2. Make sure you reconcile and clean up your files

  • Incorporate bank statement statements and tax year-end statements, records, plus sales, expenses, and purchase records.
  • Check your bank accounts to ensure they are reconciled and make sure they are in balance with the amounts from your bank statements.
  • Make a profit and loss statement in order to determine how much profits your company made annually.

3. Re-read the information you receive from your payroll company and Inland Revenue

  • Assess information that you have collected during EOFY to determine the financial condition of your company.
  • Request your payroll provider to provide EOFY data in the earliest time possible so that it can be reviewed.
  • Access Inland Revenue records, including PAYE tax obligations, as well as KiwiSaver obligations for employees.

4. Manage your superannuation

  • Update your employer superannuation contribution tax (ESCT) rates*, with rates varying for each employee based on their earnings and length of employment.
  • File electronically, as mandated, if your business pays at least $50,000 in ESCT tax and PAYE tax.


*For KiwiSaver, businesses need to pay ESCT for compulsory employers’ contributions of 3 percent, but not on contributions taken out of employee wages.

5. Maximise your tax refunds

  • Log expenses and asset purchases in the course of the year, and spending on repairs or maintenance to claim any refunds from EOFY.
  • Think about disposing of stock that is no longer needed, as provisions for obsolete stock or stock write-downs are not typically tax-deductible.
  • You should consider making your payments within 63 days after 31 March to obtain a deduction for employee-related expenses like bonuses, holiday pay, and long-service leaves.
  • If your earnings are significantly higher than what you earned last year, think about making an additional tax provisional payment to ensure that your tax payment is aligned with your earnings.

6. Maintain personal and financial finances distinct

It is not common to get tax deductions for personal expenses; you only get deductions for business expenses. You could be racking up unnecessary compliance costs if your accountant has to separate what’s tax-deductible and the rest of it.

Certain tax deadlines for 2021 are crucial.
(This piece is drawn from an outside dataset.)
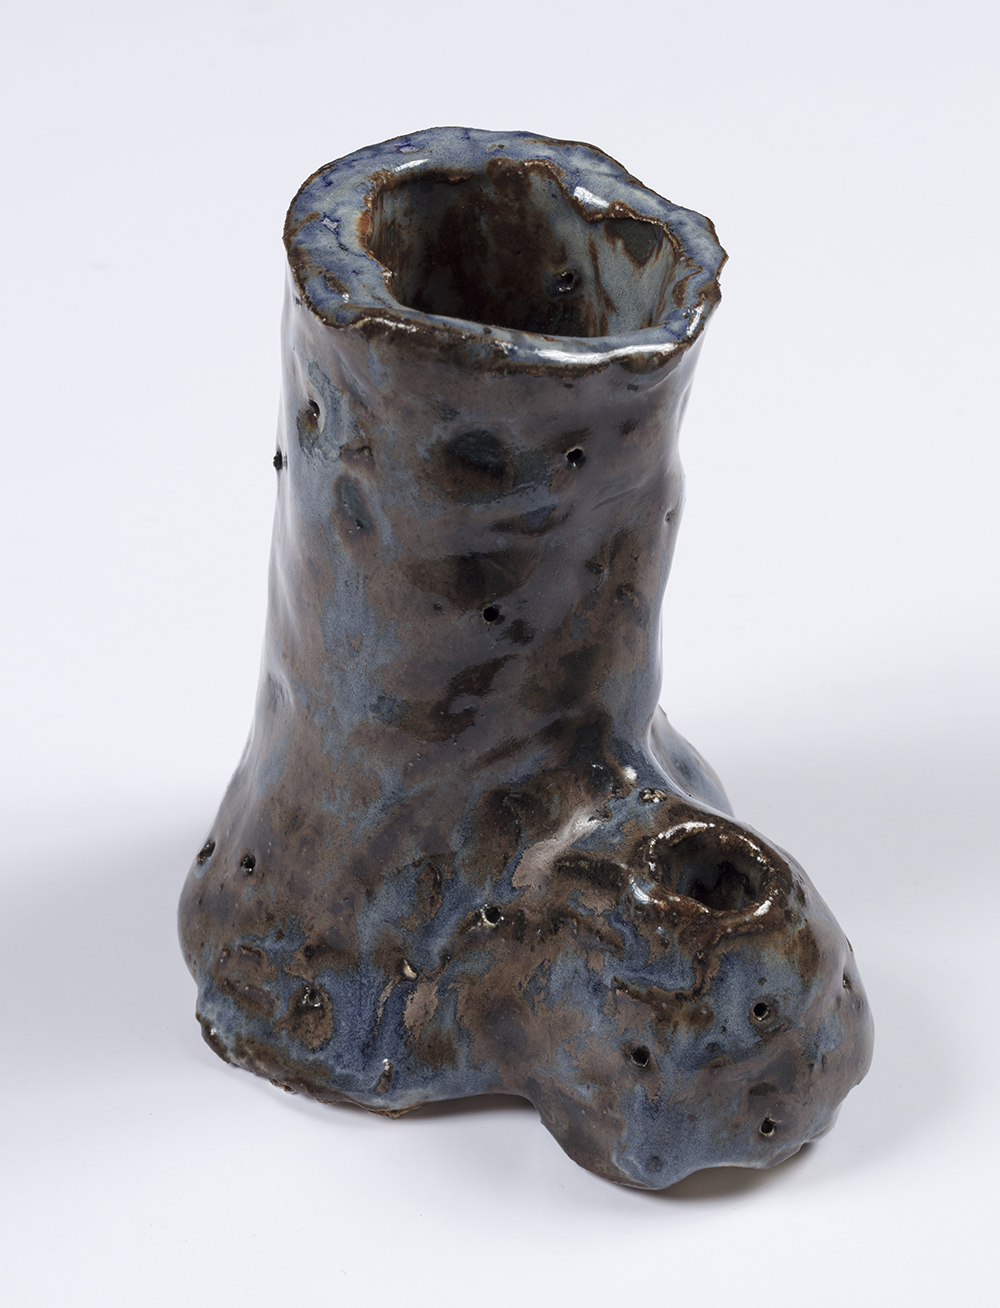 Kevin McNamee-Tweed.<em> Friend</em>, 2019. Glazed ceramic, 4 x 3 1/4 x 3 3/4 inches (10.2 x 8.3 x 9.5 cm)

  • 9 February 2021 - 2020 income tax due for those who don’t have a tax agent.
  • 1 March 2021 - GST return and due by January for companies that file every two months.
  • 30 March 2021 Tax year 2020 return due for tax professionals (with an extension valid for the deadline).
  • 1 April 2021 the start of the new financial year starts in New Zealand.
  • 7 May 2021 Final provisional tax instalment due for 2020’s fiscal year and last chance to make provisional tax payments.
  • 7 May 2021 Tax return for the year’s end and due payment.

Notice: Some dates may differ from the date, for example, if a due date falls on a weekend or public holiday.